Source material —
——————

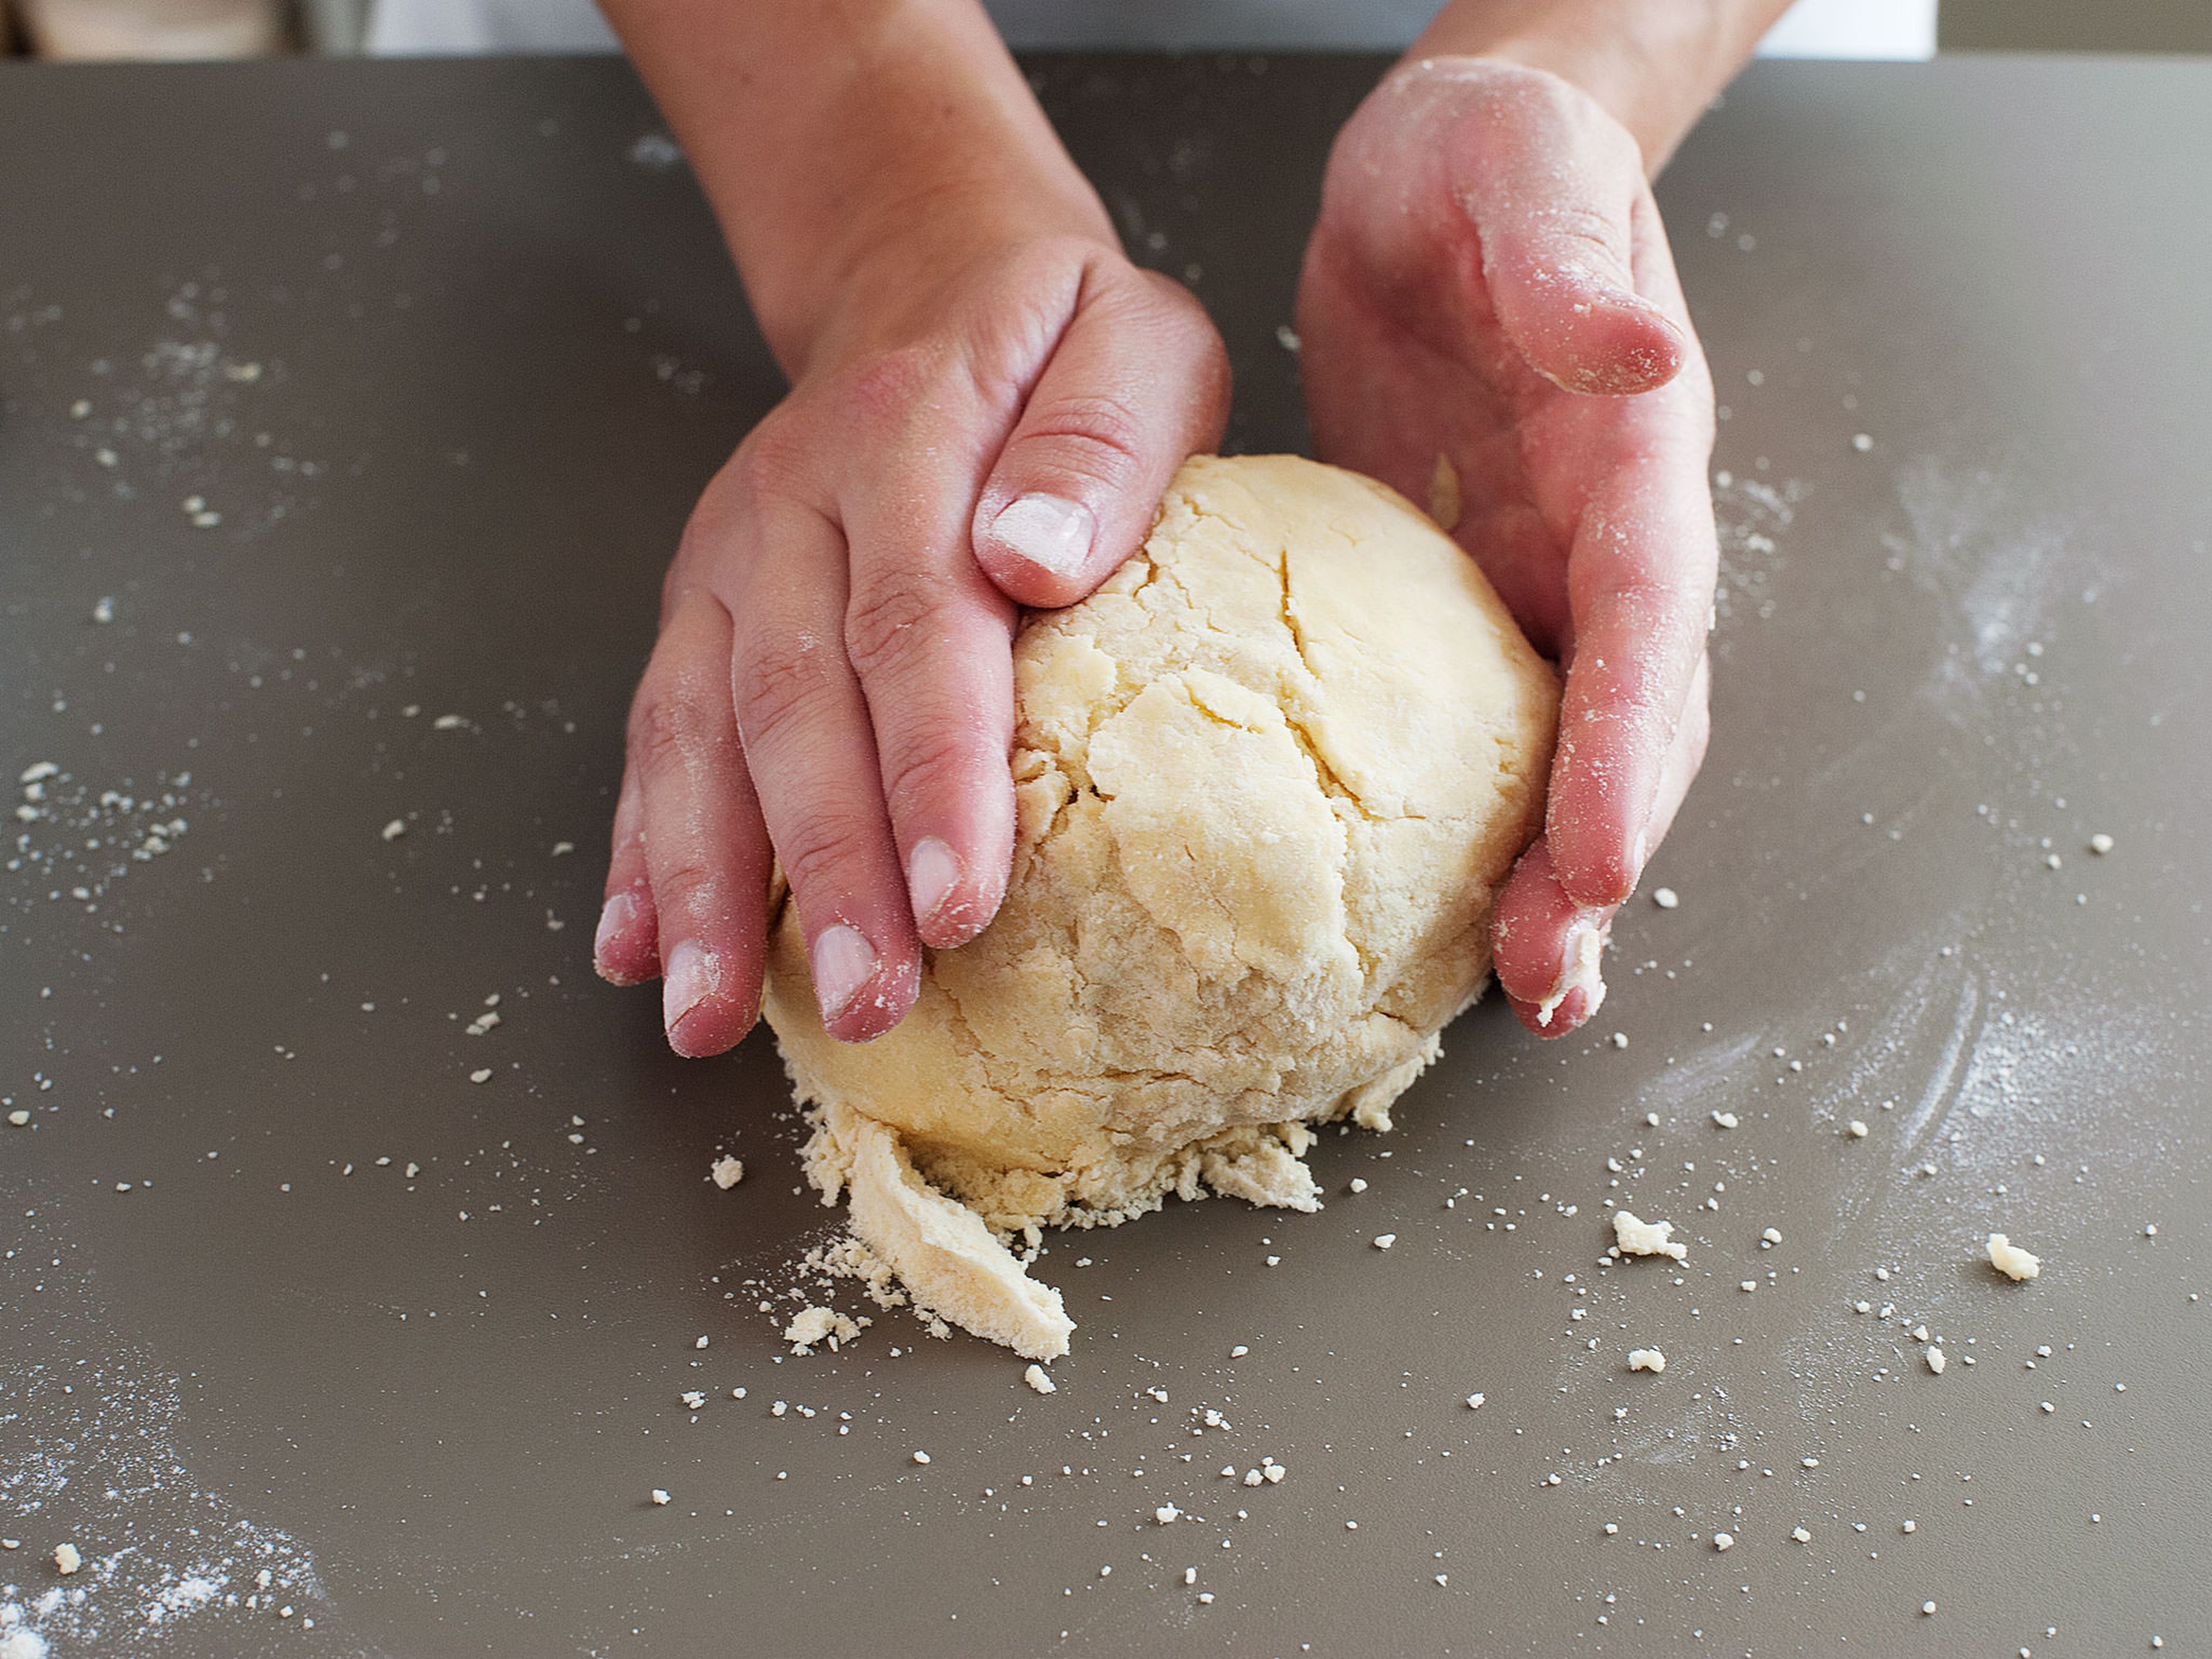 Scrape dough onto a lightly floured work surface and press the dough into a compact disc, then halve and form each half into a disc. Wrap in plastic wrap and refrigerate for an hour.
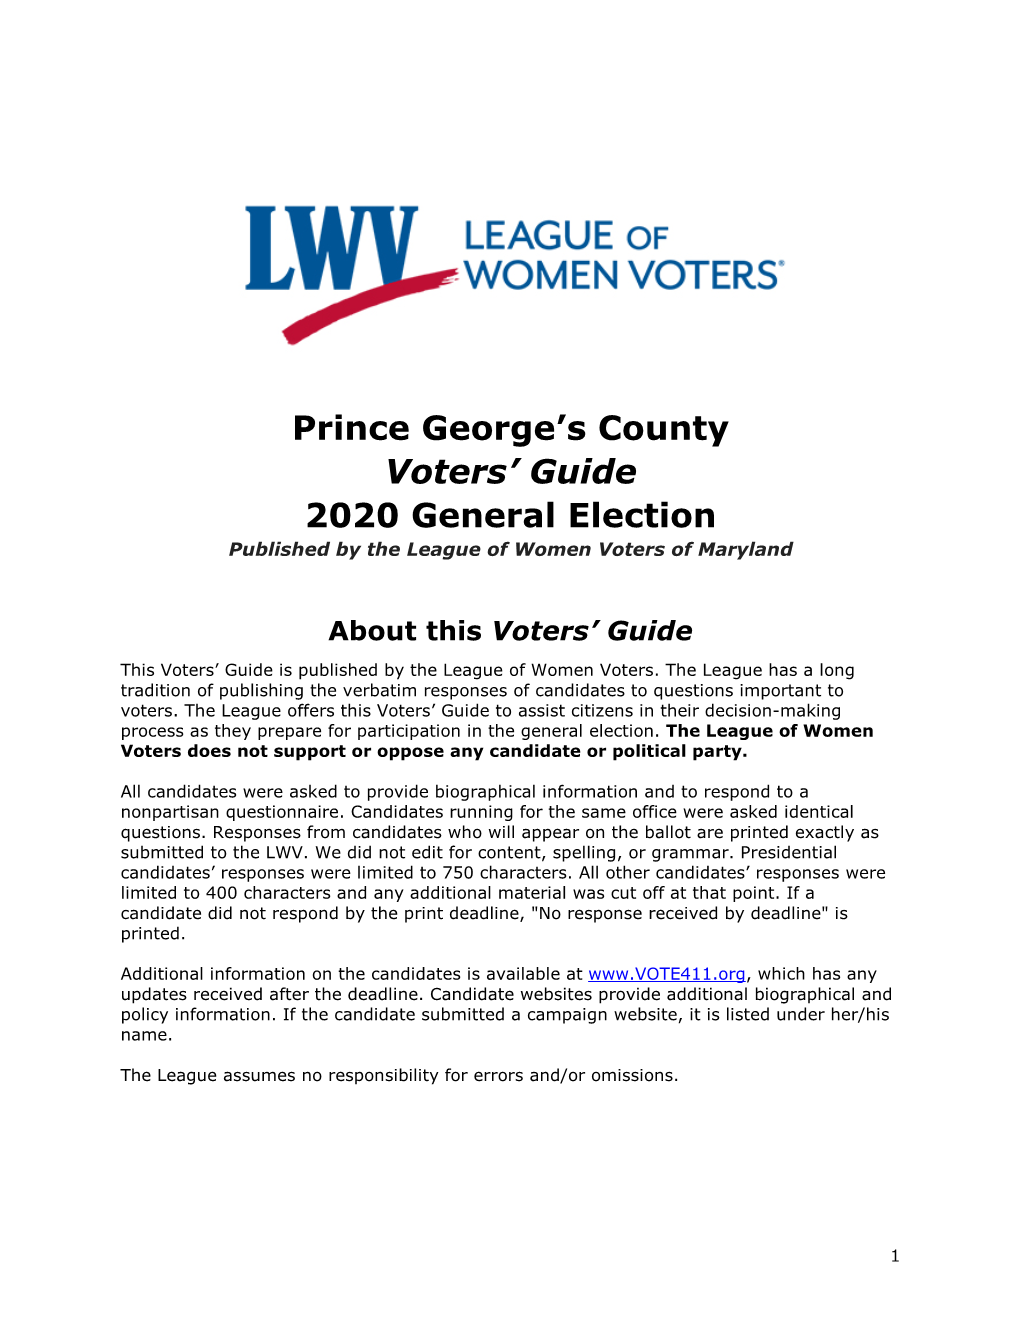 Prince George's County Voters' Guide 2020 Election
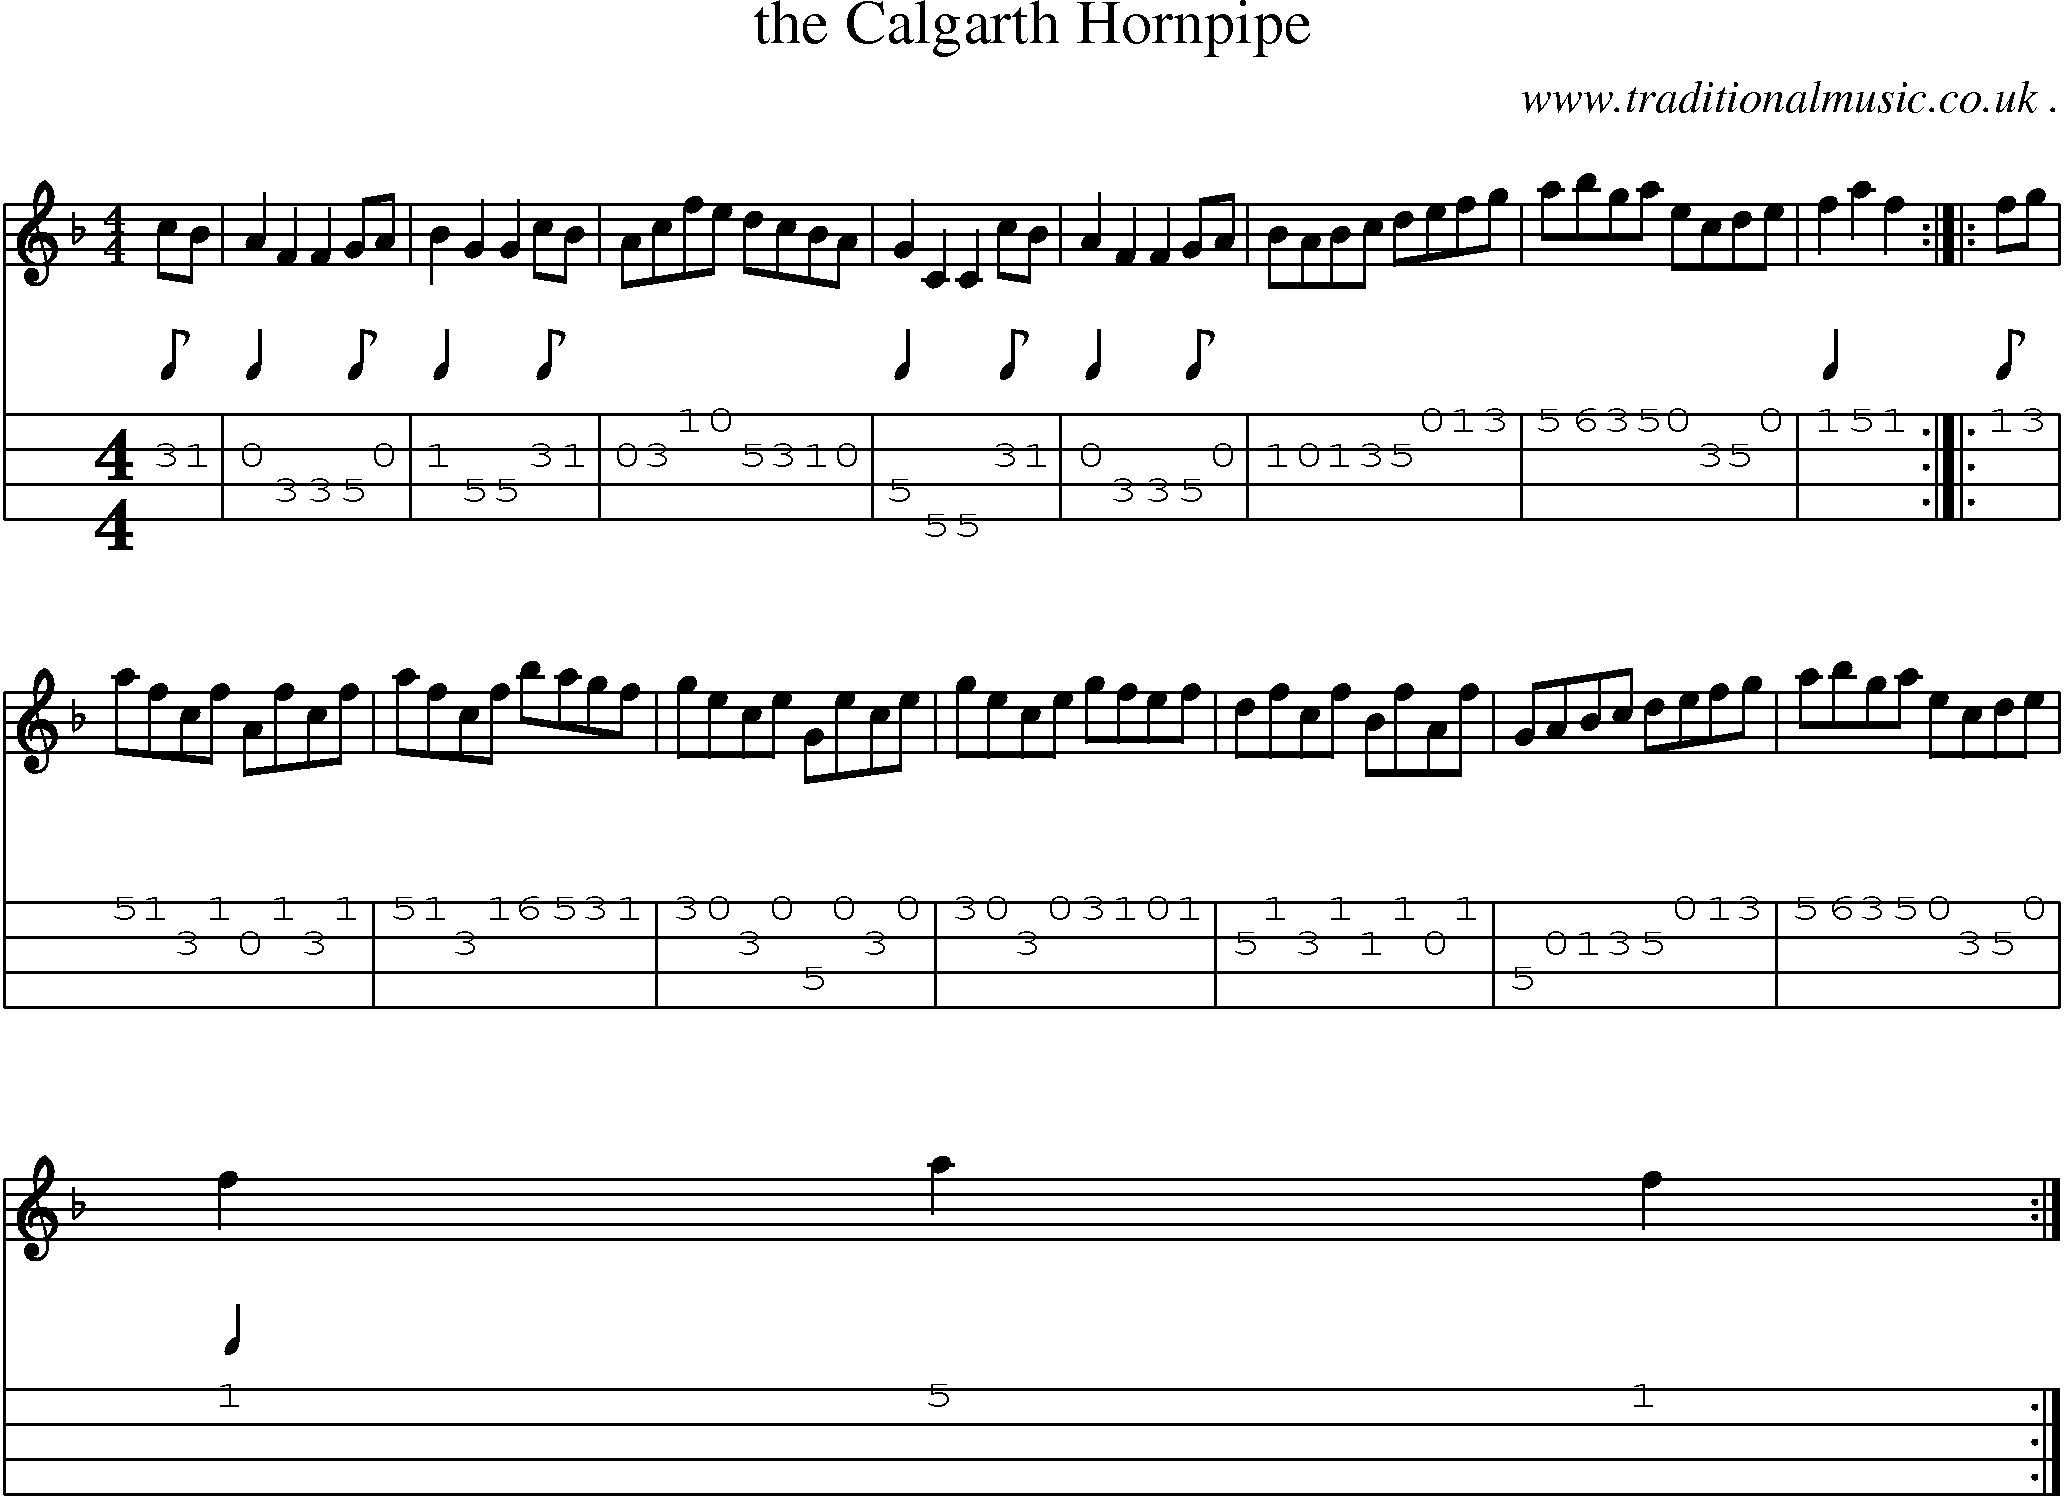 Sheet-Music and Mandolin Tabs for The Calgarth Hornpipe

——————

Your instructions — Beginning with the line that holds "Prince George's County", extract every line to the end of the material, exactly as it stands, and drop the pictures.

Your response —
 Prince George's County Voters' Guide 2020 Election
 Sheet-Music and Mandolin Tabs for The Calgarth Hornpipe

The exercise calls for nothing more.